Now that he was the seasoned major leaguer with a secure spot in a clubhouse, he was applying the lessons that stuck with him from early in his career, taught to him when he was still in Miami.

When Yelich was a highly touted prospect trying to secure his place with the Marlins in 2013, veteran catcher Jeff Mathis played a crucial role in making him feel like he belonged.

“He just took us under his wing and talked to us about the game and what it takes to prepare in the big league, be big leaguers, how to conduct yourself and what it means to be a pro, and I’m super thankful for that,” Yelich said. “I’m trying to do that here as well.”

Twelve years later, Mathis recalls Yelich as a player who was very “receptive” to instruction, calling his former teammate “a great human being.”

“As I was getting older, younger players feel like they have it all figured out,” Mathis said in a phone interview this week. “He stood out as someone that was willing to listen. Not just to benefit himself but everyone around him.”

Now that Yelich is on the other end of those moments, he has found that letting interactions come naturally can have more of an impact than getting up and giving a rah-rah speech at the front of the clubhouse. It’s the same focus on cultivating connections that made Uecker a Milwaukee icon for so many years.

“I don’t force it trying to help those guys,” Yelich said. “It’s just more of, like, you be friends first and you build relationships with people and you’re welcoming and you introduce yourself and you talk to ’em about whatever, their life or joke around with whatever’s going on in the world: ‘What’s going on, dude? Where are you from? How’d you get here? What’s your story? Is everything good? Do you need anything? Do you have any questions?’

“It’s little things. They make a big difference.”

Nearly every young prospect in the Brewers’ clubhouse has their own story of Yelich’s impact. Frelick is another who heard from Yelich when he was still in the minors.

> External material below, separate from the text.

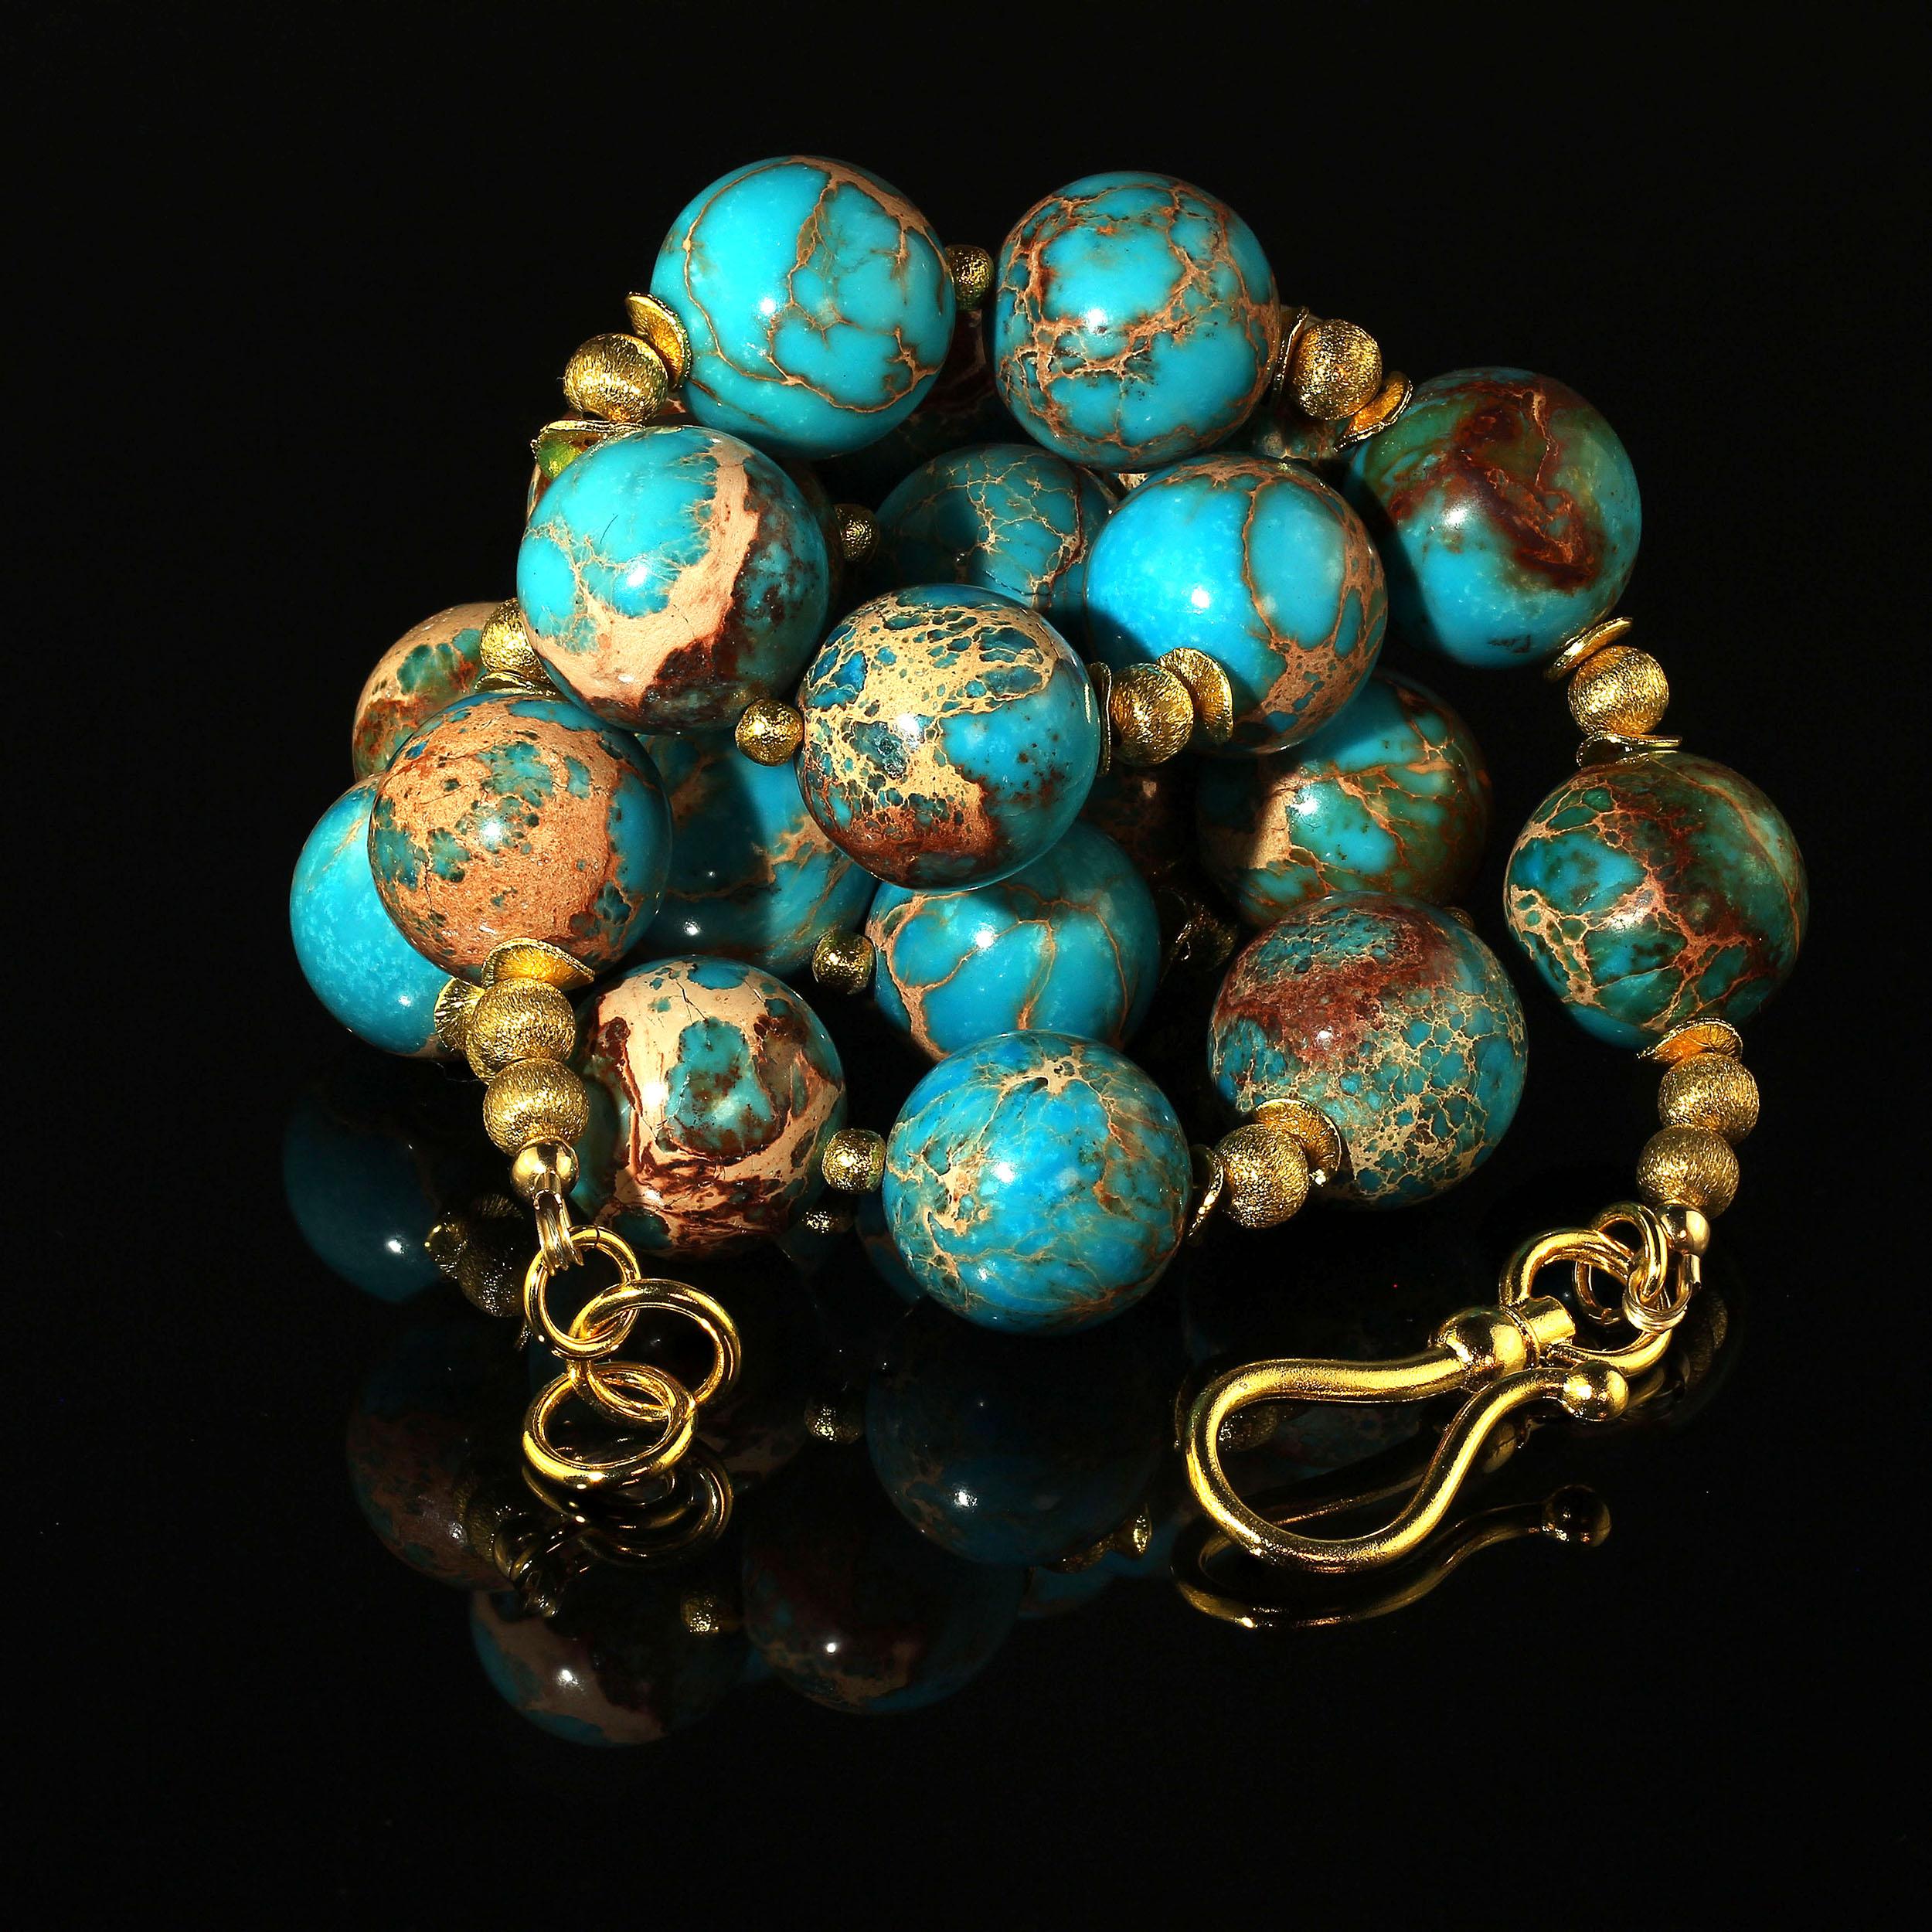 Fun loving turquoise color Desert Jasper and goldy accents necklace.  This 23 inch necklace is perfect to enhance all winter colors.  Wear this with black, brown, blue, and wow, red and green. These 18 MM Desert Jasper are lovely mottled turquoise,

“You’ll be up here soon,” Yelich told him. “Let’s get ahead of that, teach what routine is, teach you what it is to be a big leaguer.”

“I’m forever grateful for that,” Frelick said.

Of all the young players who have heeded Yelich’s advice, few might have needed it more than outfielder Jackson Chourio, who debuted with the team last season as a 20-year-old.

“He knows the opportune moments to say something,” Chourio said through the team interpreter. “He knows when the time is right. He has a good feel for that.

“We had a long conversation about it being a long season. He told me to relax and play my game. It took some pressure off of me.”

Chourio finished third in rookie of the year voting and made his older teammate proud with his fast adjustment to life in the majors.

Whether it comes from an encouraging text to a minor leaguer or words of wisdom to a young major league teammate, the lessons Yelich learned from his own mentors, from Mathis to Uecker, have made him the clear face of the franchise with an impact that reaches far past his stat line.

“You want to leave wherever place you’re in better than when you got there,” Yelich said. “And for me it’s just, it’s the right thing to do to help these kids, and if you want to be on a good team, you have to play certain ways. For us, you’re going to rely on young players, and with young players there’s growing pains.

“But when people feel like a genuine connection to you, they’re more responsive and you have better relationships and you have deeper conversations and things mean more and there’s a closeness and a tightness and a bond that’s created there. That leads to winning baseball.”

Turang added: “He’s someone I can go to for anything.”